#### YOUR ASSIGNMENT
I'd like the full listing transcribed exactly, with no images included.

[[ GIVEN MATERIAL, beginning ]]

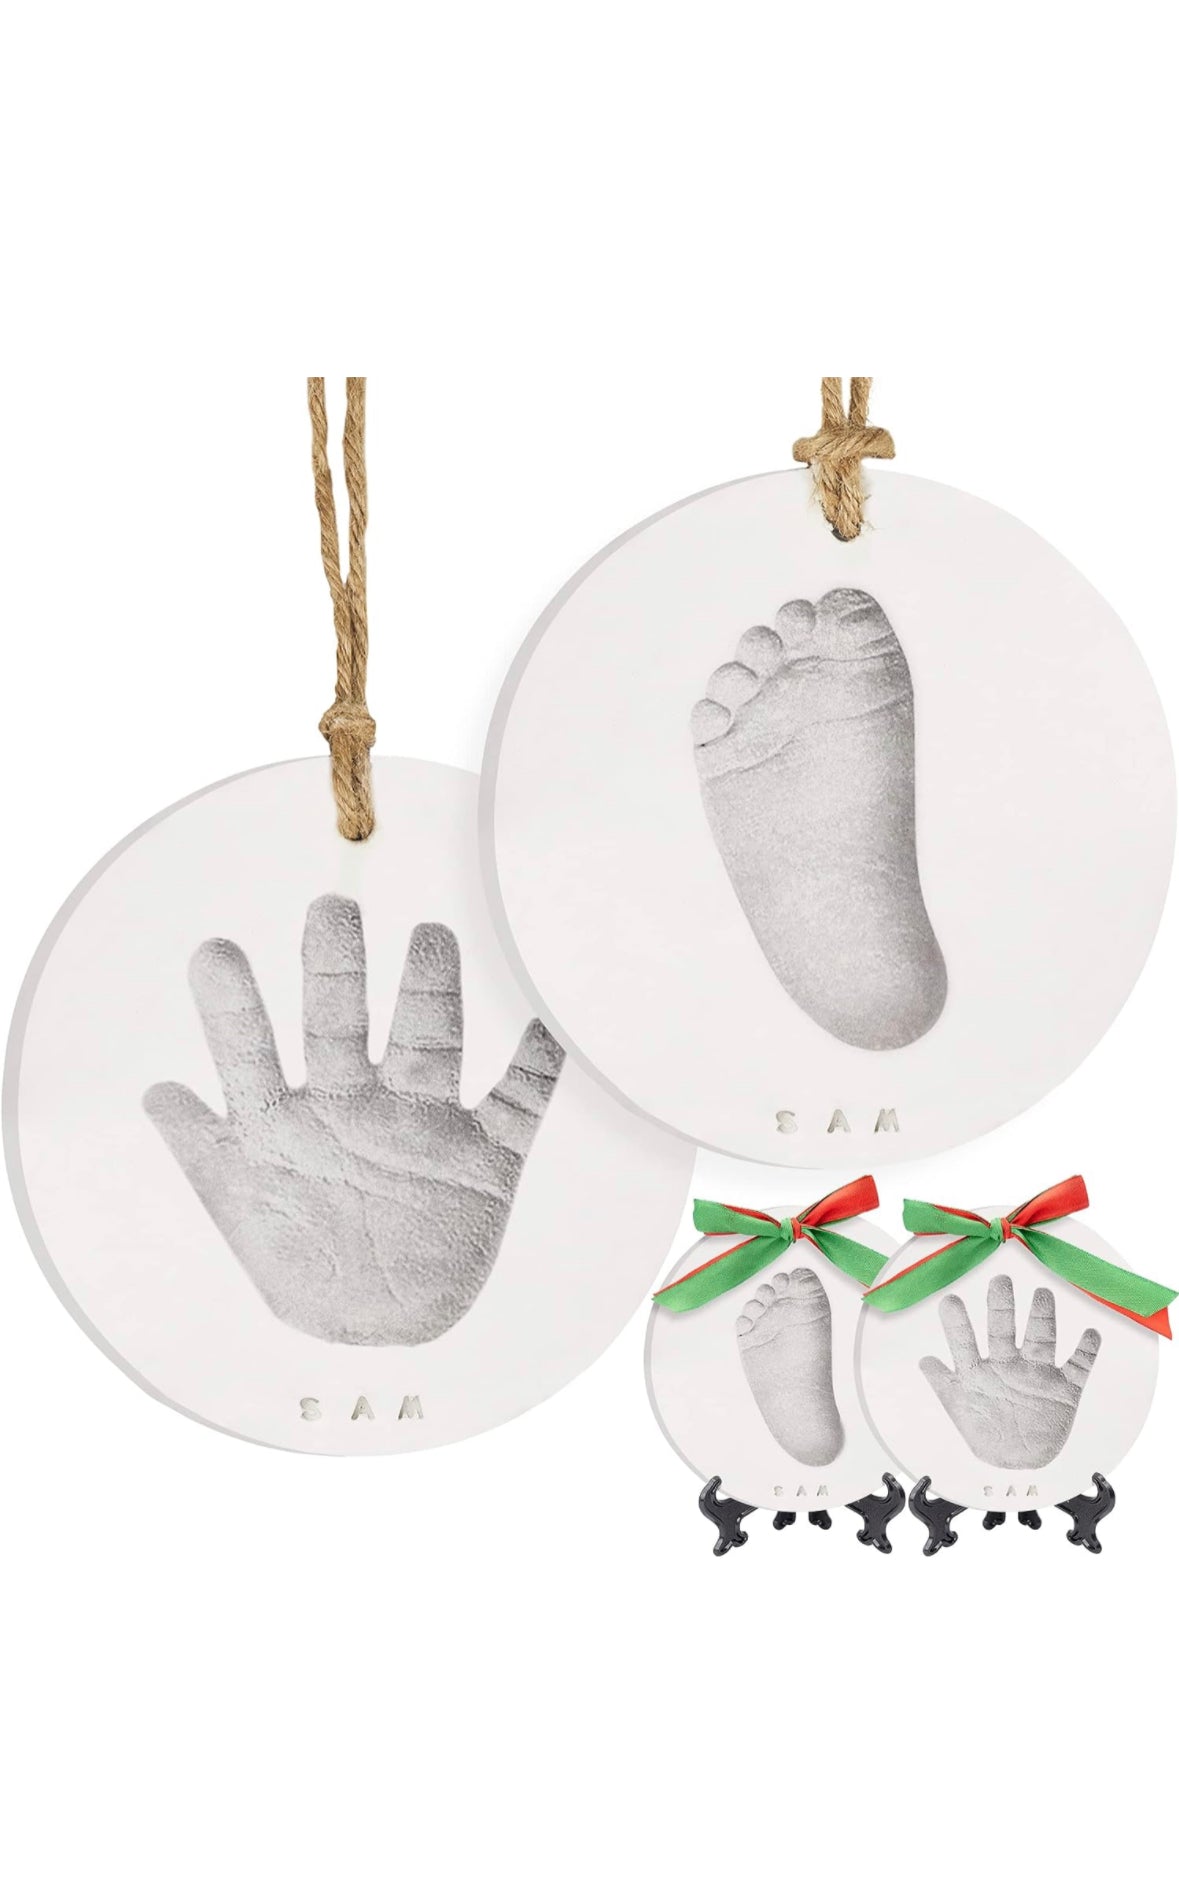 Baby Hand and Footprint Kit.
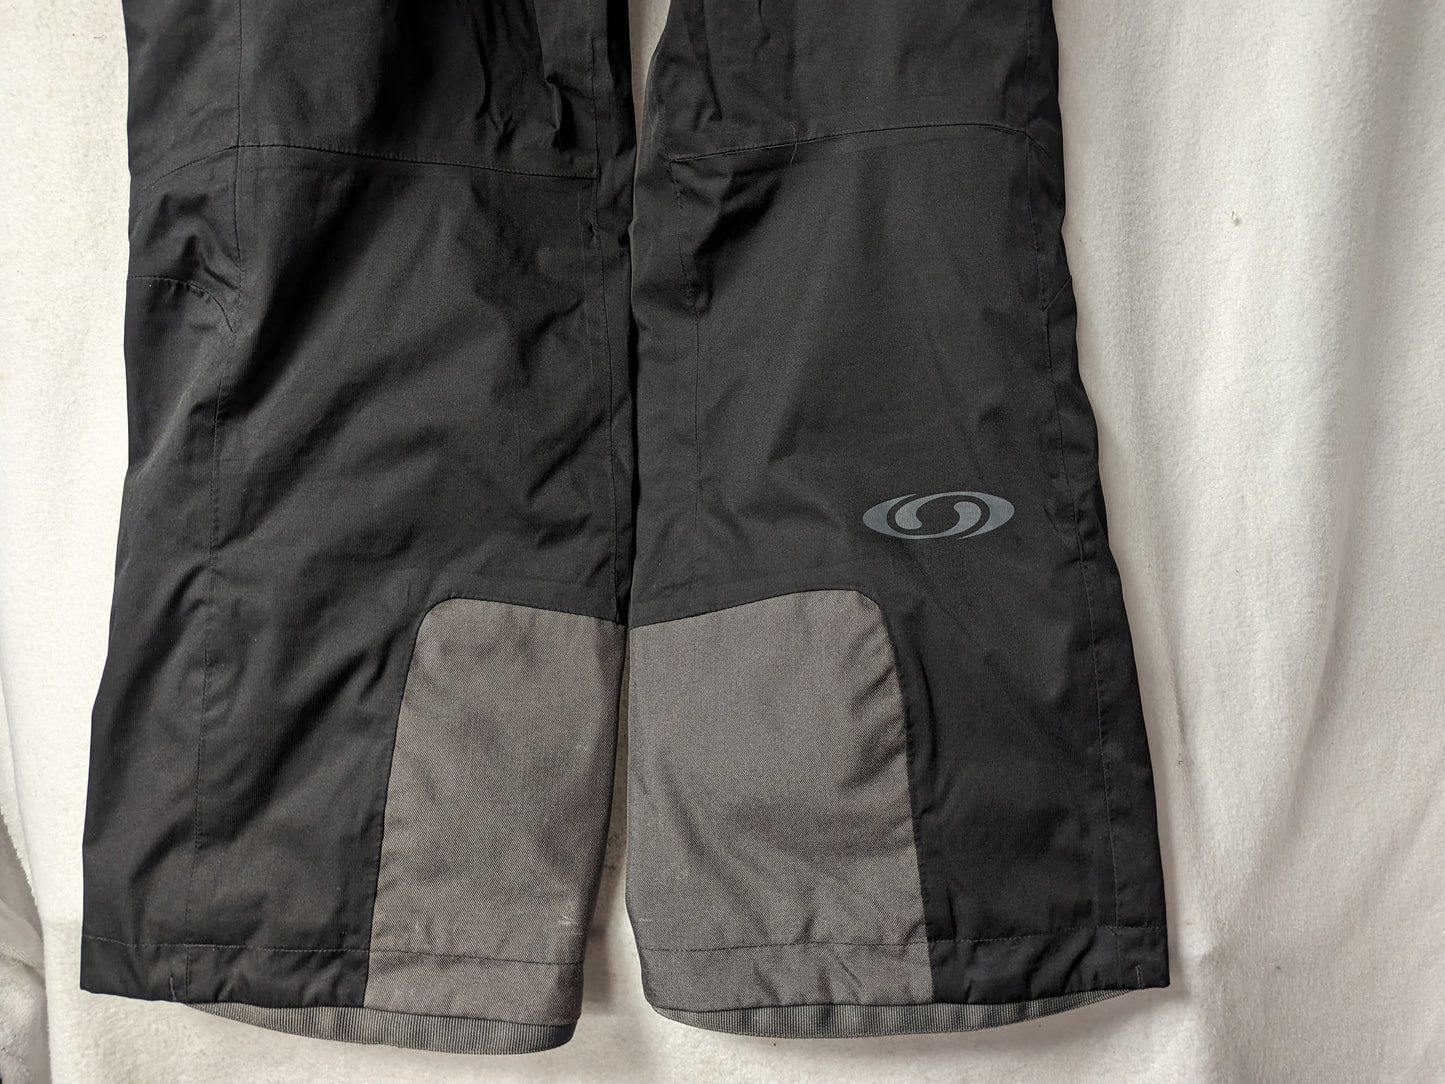 Salomon Lined Ski/Snowboard Pants Size Medium (10) Color Black Condition Used
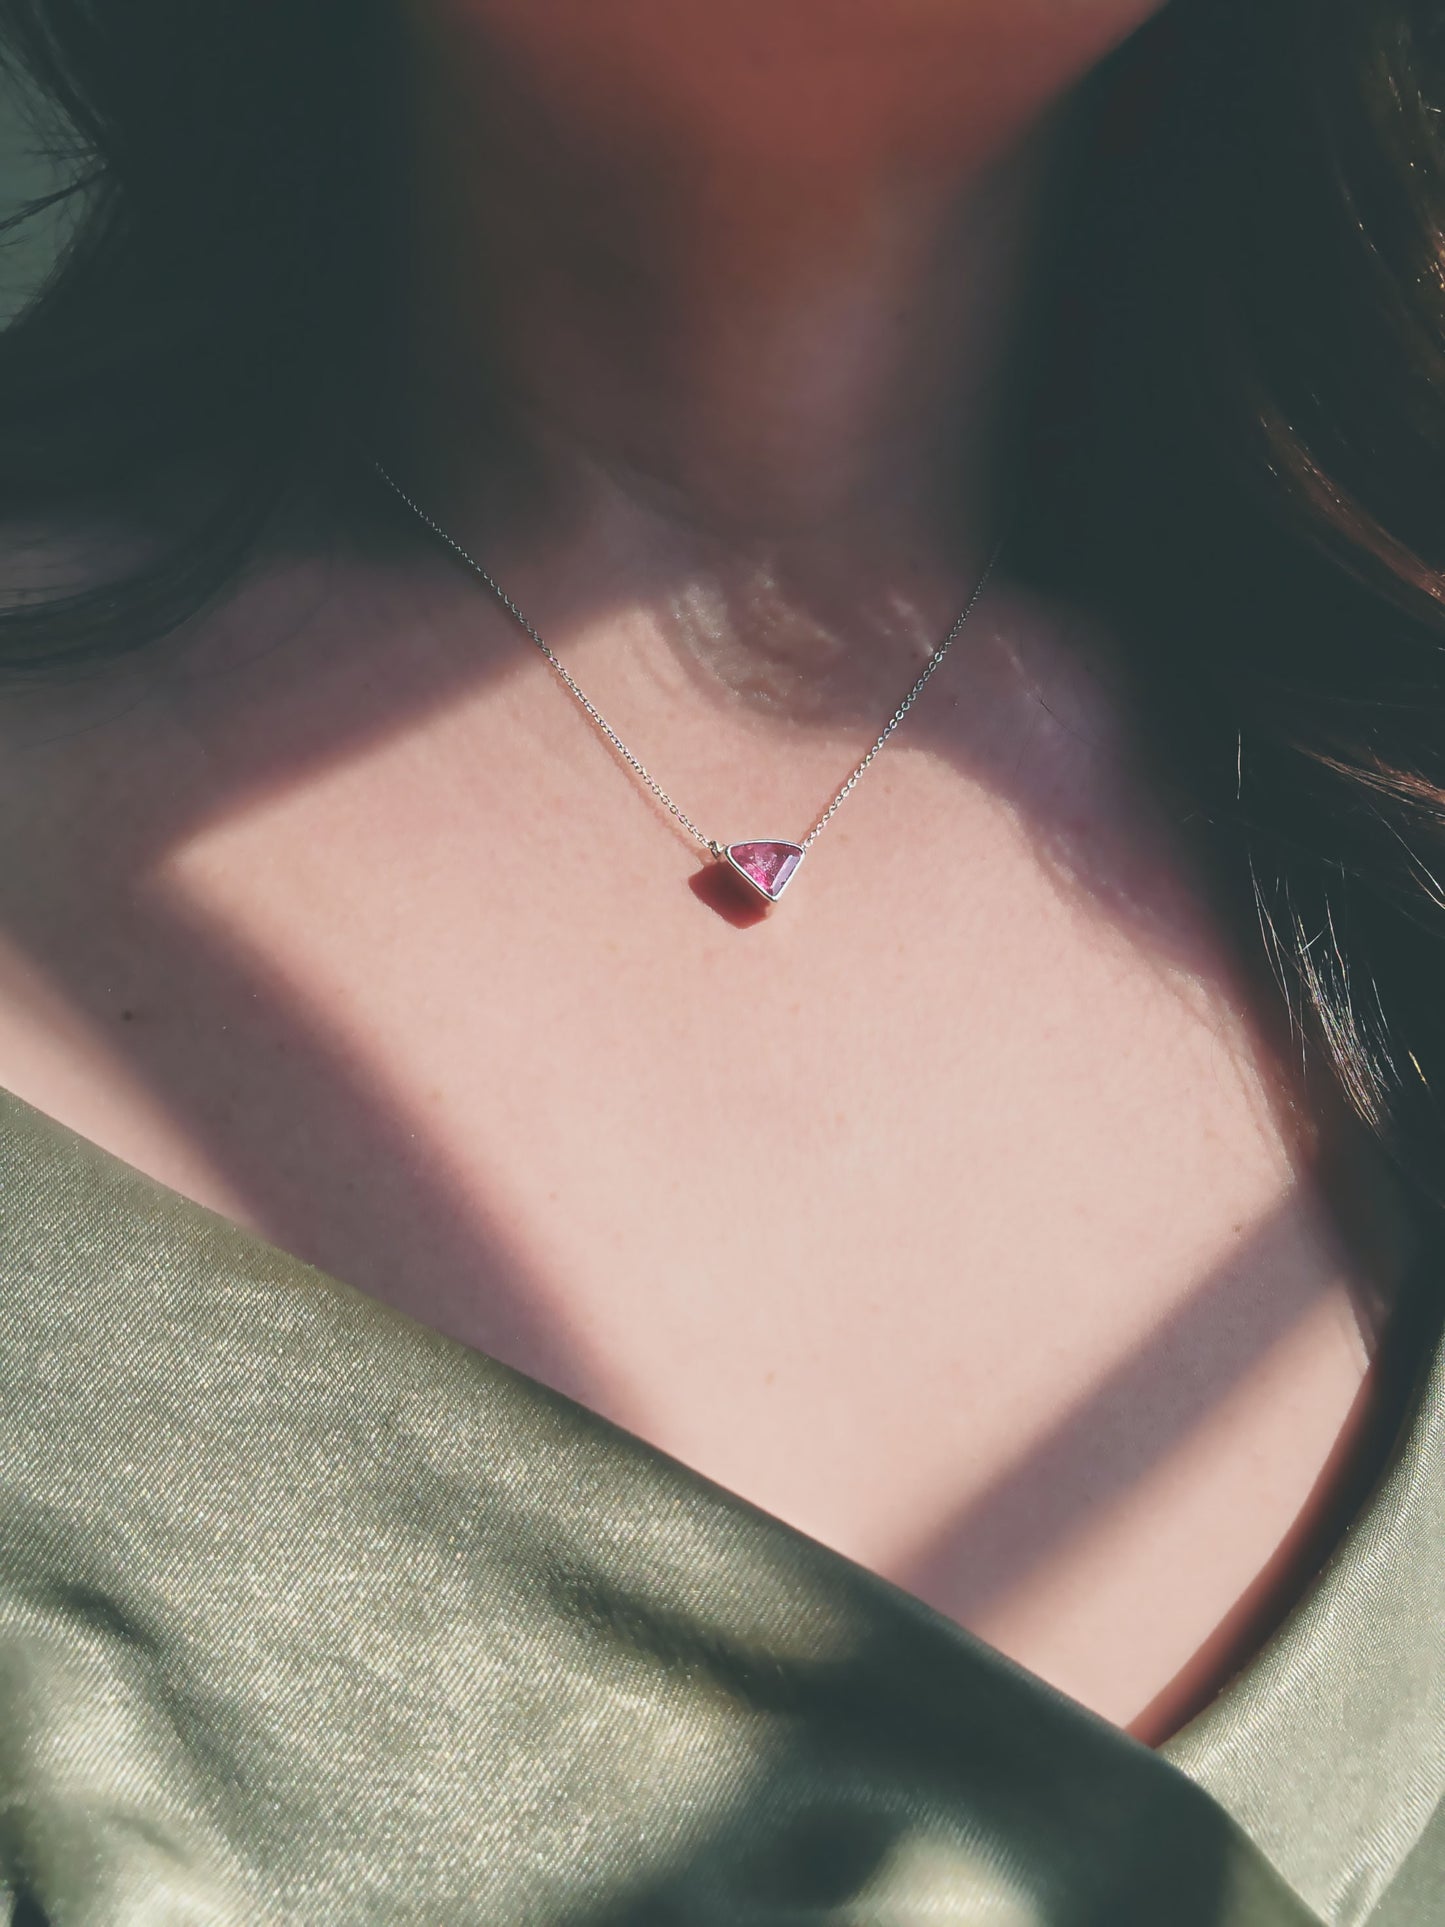 Triangle Cut Pink Tourmaline Necklace

[[ GIVEN MATERIAL, end ]]

#### TASK RESPONSE
 Baby Hand and Footprint Kit.
 Salomon Lined Ski/Snowboard Pants Size Medium (10) Color Black Condition Used
 Triangle Cut Pink Tourmaline Necklace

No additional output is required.